15 avril 2008 - 17h52 - Maroc - Ecrit par : L.A

Il n’est pas un milieu professionnel, une administration, une faculté, qui semblent aujourd’hui épargnés par le harcèlement sexuel. Pourtant, aucun procès, et jusqu’à présent aucune plainte n’a été répertoriée, ou du moins connu une suite notable au niveau de la justice. Dans une mer de silence, un timide projet de loi tente de criminaliser le harcèlement sexuel.

Se taire. Tous et toutes s’inclinent devant l’omerta qui règne sur le harcèlement sexuel, filles mais aussi des hommes, ne veulent pas prendre le risque de se voir fermer les portes d’institutions, d’administrations ou d’entreprises, où on pratique le harcèlement à satiété. Se taire, ou tenter un procès au pénal, on manque toujours de recours internes. Quand on se penche sur le sujet, la question suscite bien des passions. « Un code pénal sanctionnant le harcèlement sexuel dans ses différents degrés ? Une loi sanction … Tu parles ? On ne va plus suivre les femmes dans les rues ni même oser les regarder ? Avec cette loi, les esthètes arrêteront de chanter la beauté de la femme et les artistes à la langue splendide qui dépeint avec délicatesse les femmes, et devront enterrer leurs œuvres ! ».

Le projet de loi n’a pas encore eu l’assentiment de toutes les composantes de la société, qu’il suscite déjà des réactions passionnées, du moins chez monsieur tout le monde. C’est que la violence contre la femme et dont le harcèlement sexuel partant de l’agression verbale à l’abus sexuel, en passant par certaines pratiques de rabaissement et dans les rues, sont devenus le pain quotidien de toutes les femmes.
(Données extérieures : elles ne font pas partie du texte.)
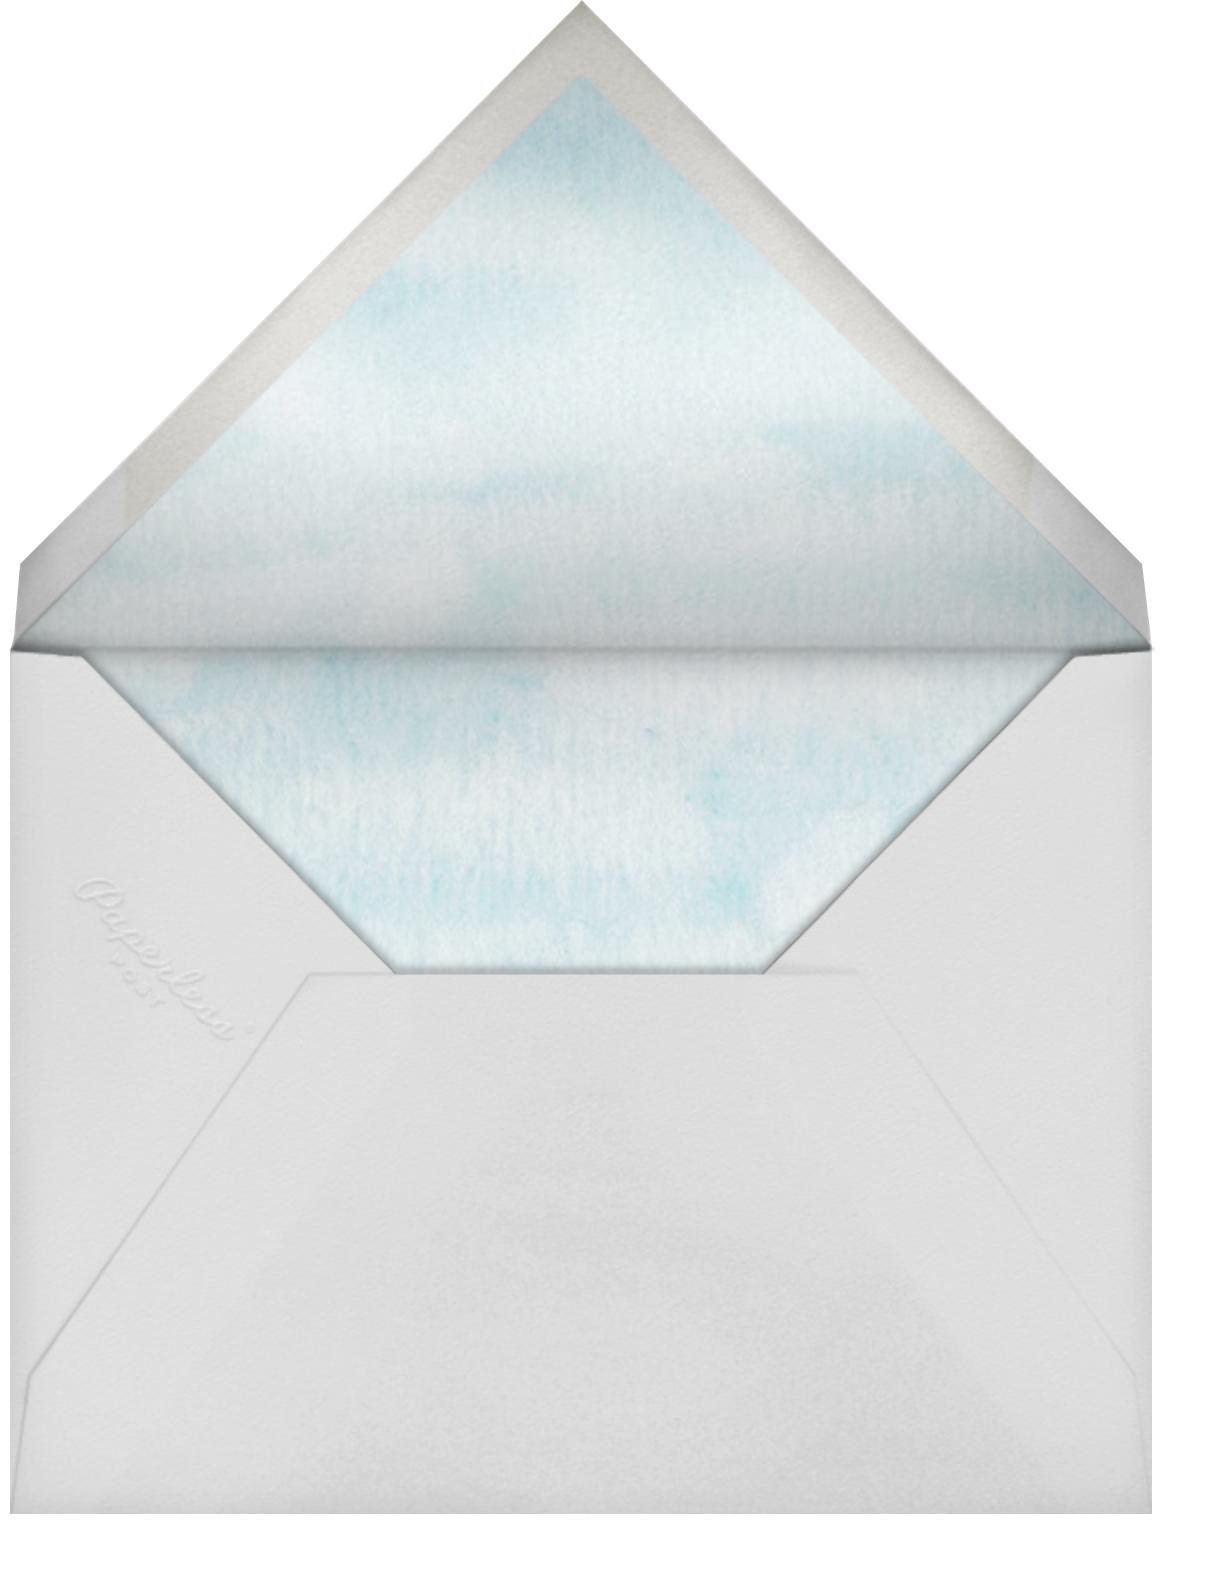 Montparnasse (Stationery) - Paperless Post - Notecards - envelope back

Quand le harcèlement sexuel, défini par les psychiatres comme un acte violent lié à une agression orale ou physique, a été abordé par les associations militantes en matière de droit de la femme, l’allusion est faite à certaines pratiques qui peuvent s’exercer de façon verbale ou physique et qui deviennent une réalité quotidienne pour des millions de marocaines.
Que pensez-vous des hommes qui suivent les femmes dans les rues et leur profèrent des insanités ? Des garçons qui tirent les filles par leurs vêtements ? Pis encore, que pensez-vous des hommes, qui, en pleine circulation routière, coincent une femme au volant, pour la serrer vers la droite ou la gauche, l’abreuvant de mots et gestes à la limite de la vulgarité, quand ils ne sont pas carrément obscènes ?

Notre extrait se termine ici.